Part 2: Addressing the possibility that body size could evolve as an indirect effect of adaptive diversification of brain size

A SECOND PATHWAY OF CORRELATED RESPONSES TO SELECTION

The above situation (Part 1) is likely the more familiar pattern, where including an additional variable helps to distinguish a desired direct effect from an overall association. However, adding variables to a multiple regression can also interfere with one's ability to make causal inferences. In the context of evolutionary diversification of correlated traits (e.g., brain size and body size), it may be necessary to consider an additional pathway of correlated responses: just as the selection on a correlated trait may induce a response in the focal trait, selection on the focal trait may lead to diversification of the correlated trait (Fig. 2A; the behavior of multiple regression analysis under this scenario is demonstrated by numerical example 3 in the Supporting information). For example, imagine that a selective agent, for example, habitat complexity, causes diversifying selection in brain size, with a correlated response in body size. Here, body size would be associated with habitat complexity solely via a correlated response to selection. Inasmuch as body size may evolve as a correlated response to habitat‐driven evolution of brain size, including body size as a predictor will, to some extent, amount to including a consequence of brain size evolution as though it was a cause. A more formal discussion of this “case‐control” or “selection” bias problem can be found in the causal inference literature (Bareinboim and Pearl 2012; Pearl 2013; Cinelli et al. 2020).

Figure 2

Directed acyclic diagrams showing possible causal relationships where controlling for body size will not recover the direct effect of the agent on brain size. (A) The selective agent causes diversifying selection in brain size which results in a correlated response in body size. Here, conditioning on body size will return an underestimate of the desired effect. (B) Reciprocal correlated responses to selection resulting from direct selection on body size (left; same as Fig. 1B) and brain size (right). Evolutionary theory suggests, as the most basic model, that both pathways in (B) may be occurring simultaneously, meaning that neither simple nor multiple regression can identify a direct causal effect of a selective agent on brain size.

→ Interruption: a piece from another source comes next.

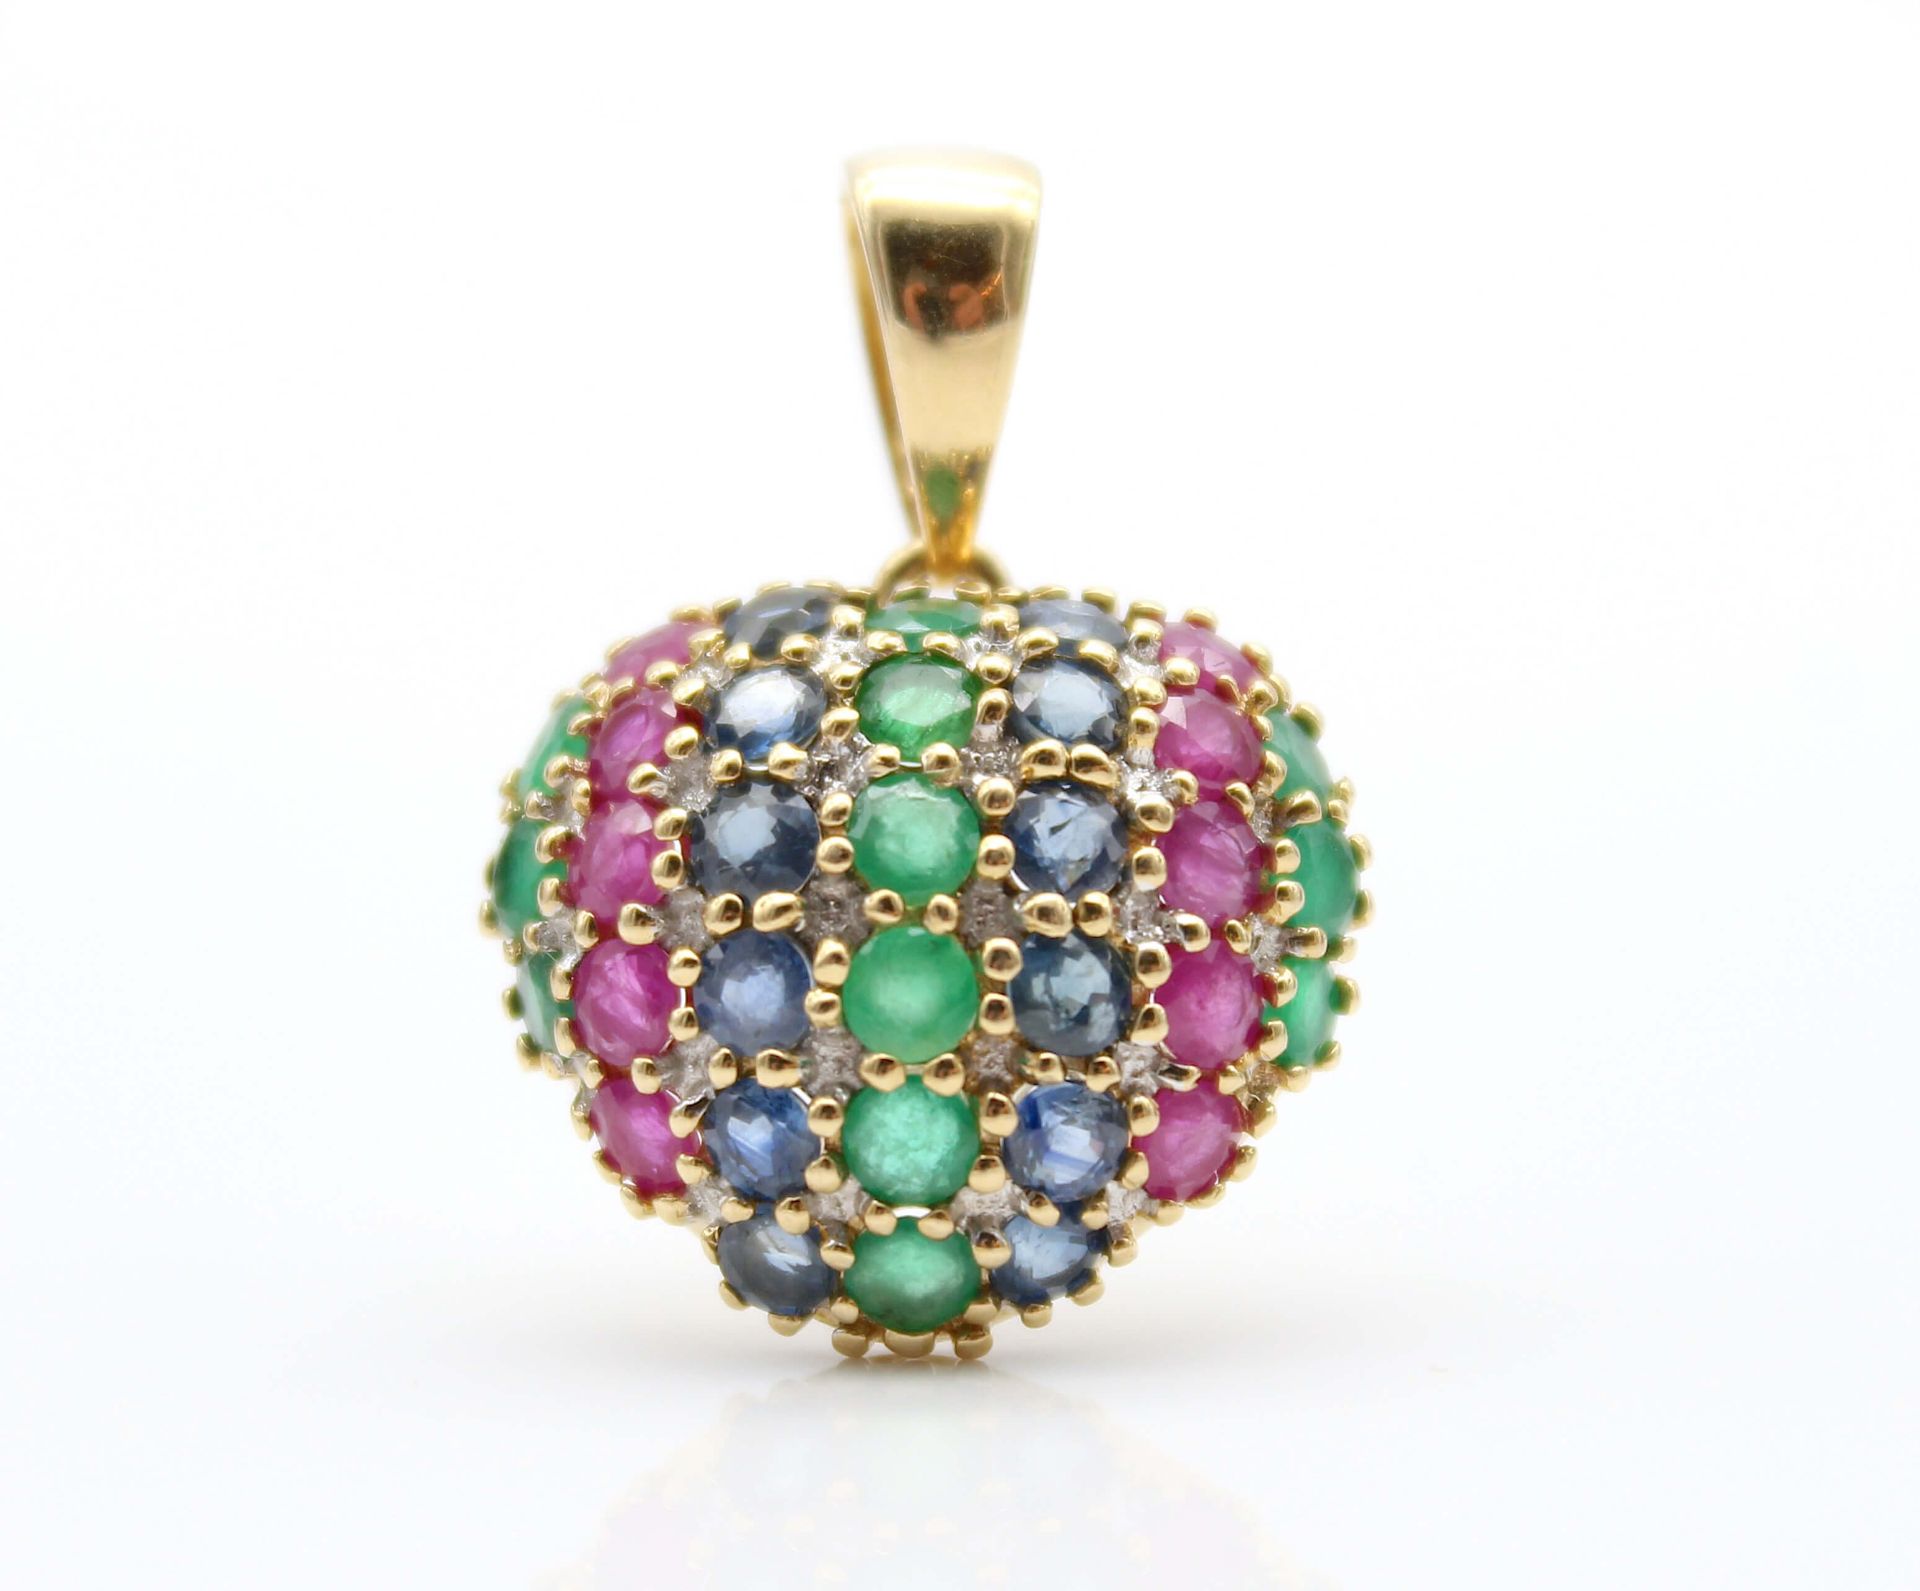 Heart pendant with sapphires, emeralds and rubies - Image 2 of 3

As far as the causal structure of direct and correlated selection is concerned, the possibility of both brain size and body size evolving via direct and correlated selection amounts to both diagrams in Figure 2B occurring simultaneously. Controlling for body size in this case would have two consequences: (1) to whatever extent brain size may be a correlated response to the evolution of body size, inclusion of body size as a predictor variable is essential to estimate the direct effect of the agent on brain size, but (2) to whatever extent body size may be a correlated response to evolution of brain size, its inclusion in the regression model will generate bias. In the language of causal inference, where body size may be a common outcome of brain size and the selective agent (Fig. 2B right), it is considered a “collider” variable, on which should generally not condition (Pearl 2013). A toy example where both traits may be evolving both due to direct and indirect pathways is provided in the Supporting information in numerical example 4.

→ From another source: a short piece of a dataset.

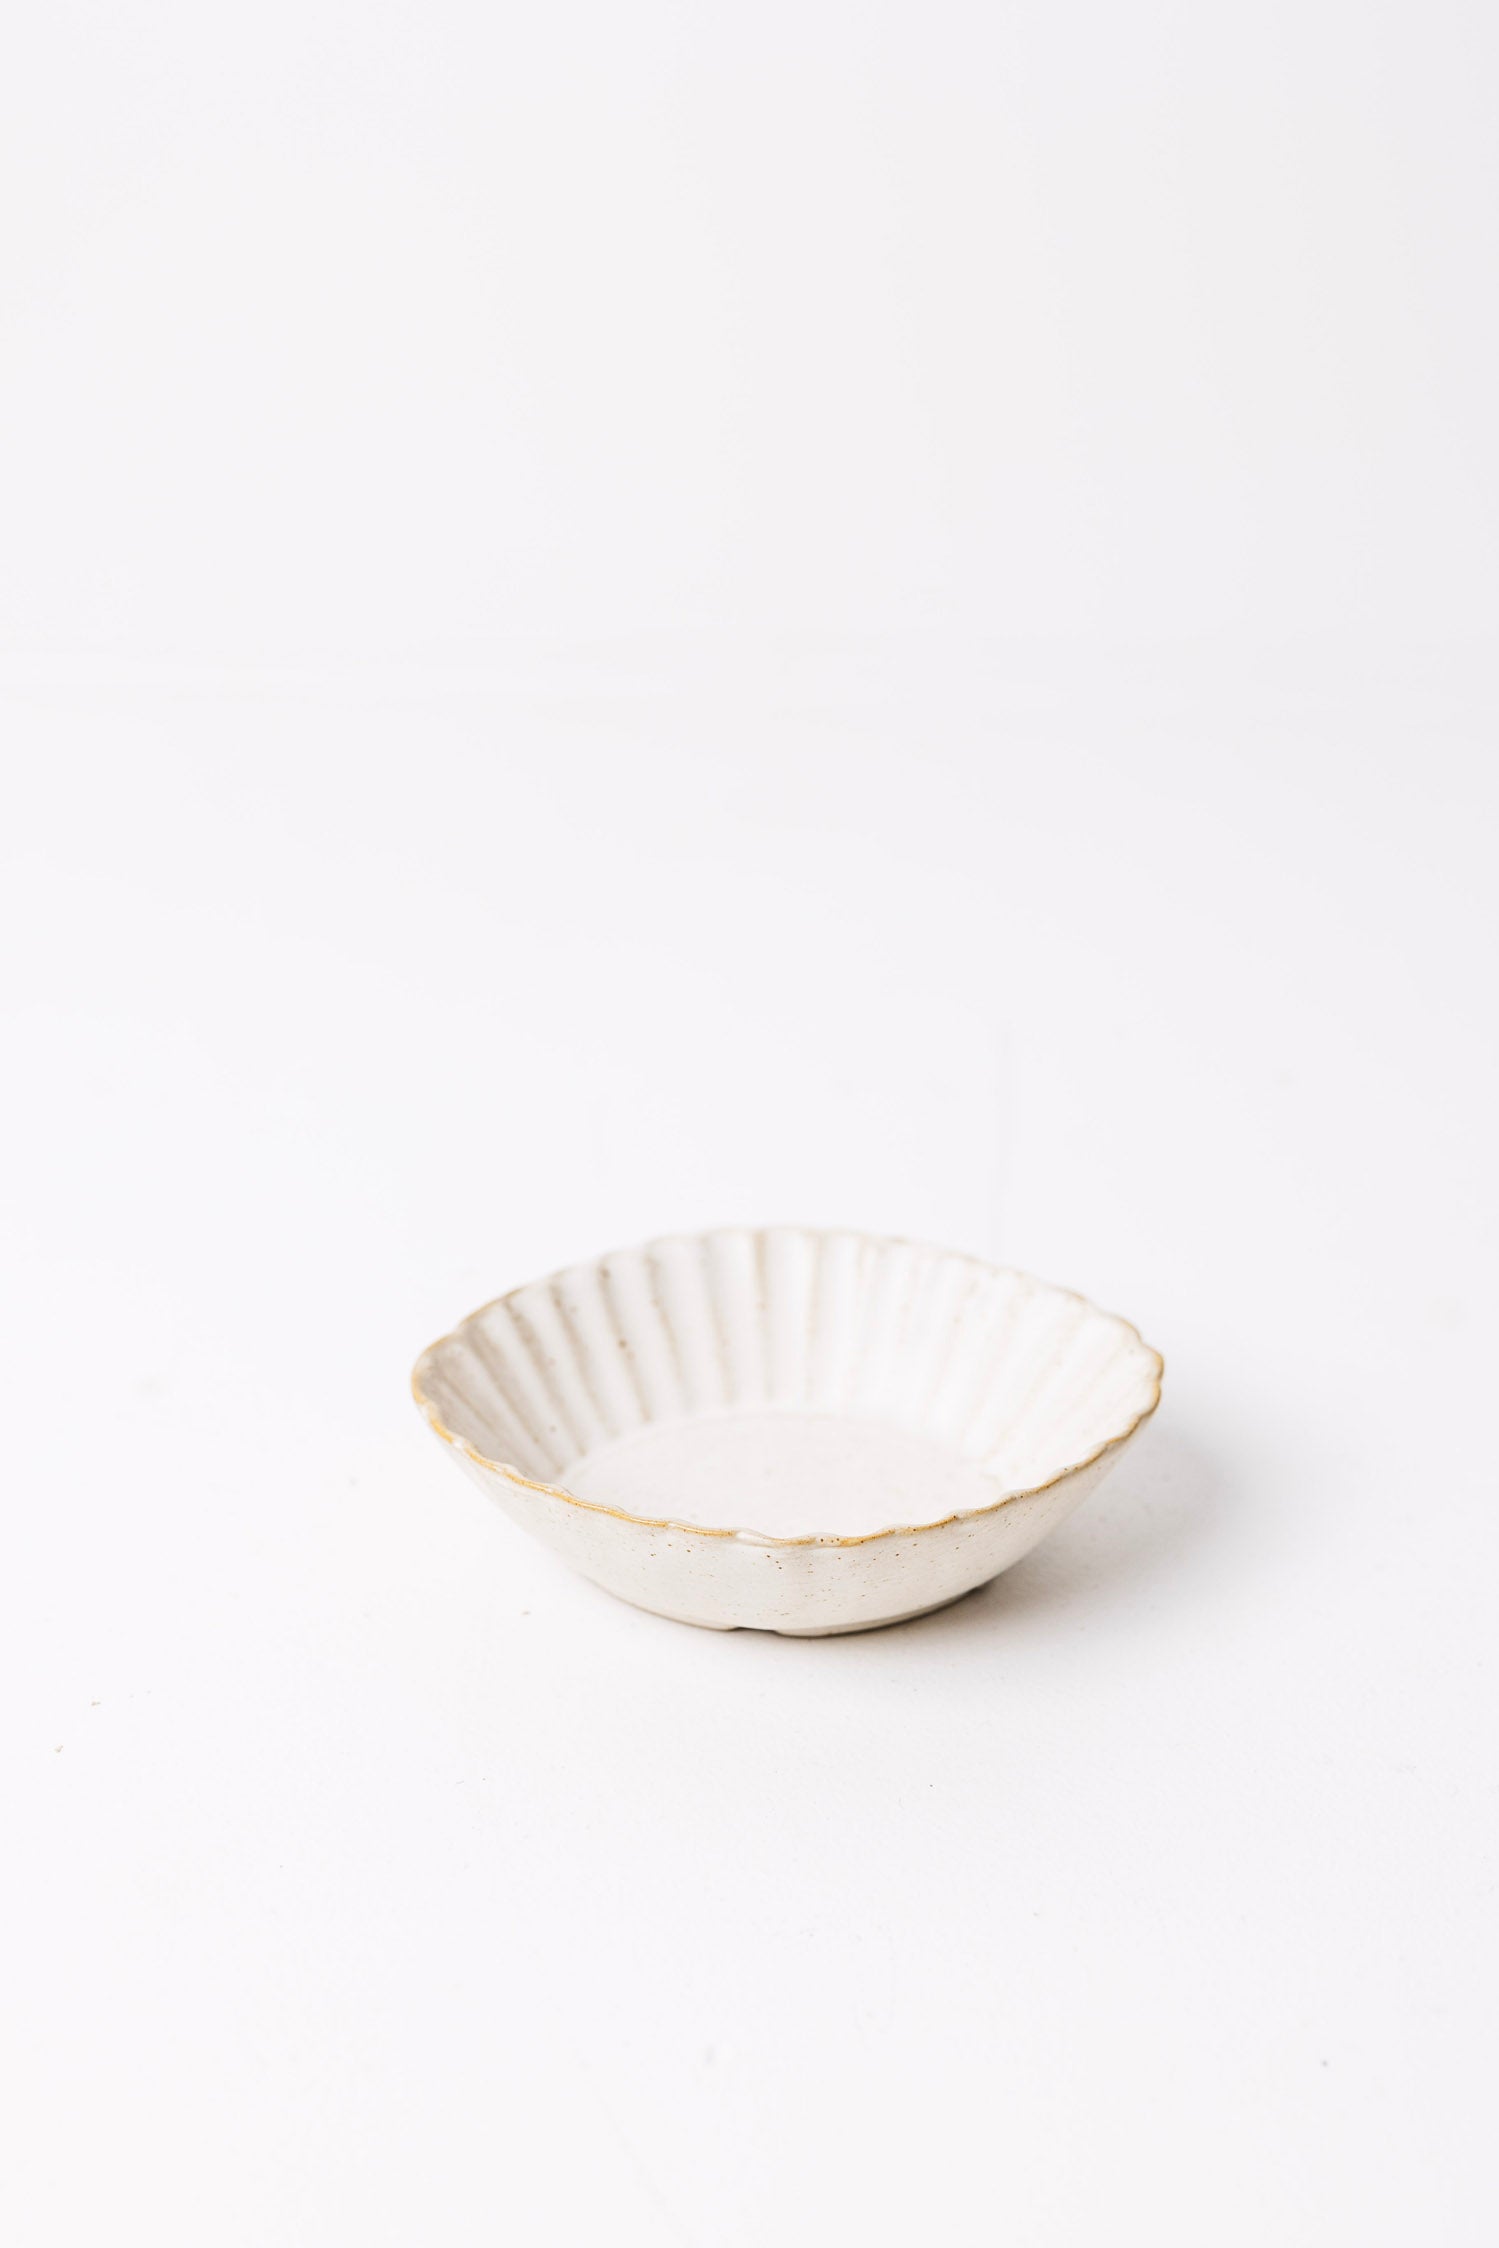 Clement Scallop Bowl - 2 Styles

UNBIASED ESTIMATION OF DIRECT EFFECTS OF SELECTIVE AGENTS UNDER DIRECT AND CORRELATIONAL RESPONSES TO SELECTION

In principle, if a single one of the described causal diagrams could be confidently assumed for a selective agent, body size, and brain size in a given study, the consequences of conditioning on body size should be clear. In such cases, it would be relatively simple to calculate unbiased estimates of the direct effect of the agent on brain size. However, the null expectation from microevolutionary theory suggests that brain size and body size may be evolving as the result of both direct and correlated responses to selection (Lande 1979; Walsh and Lynch 2018) – at the very least it would be imprudent to rule out these causal pathways. As such, the basic statistical model for the diversification of allometric traits needs to accommodate for reciprocal, simultaneous direct and correlated responses to selection. As conditioning on body size is necessary to identify the causal effect under one pathway (Fig. 2B left) but will lead to bias in the other (Fig. 2B right), neither simple nor multiple regression will recover an accurate direct effect when both pathways may occur simultaneously.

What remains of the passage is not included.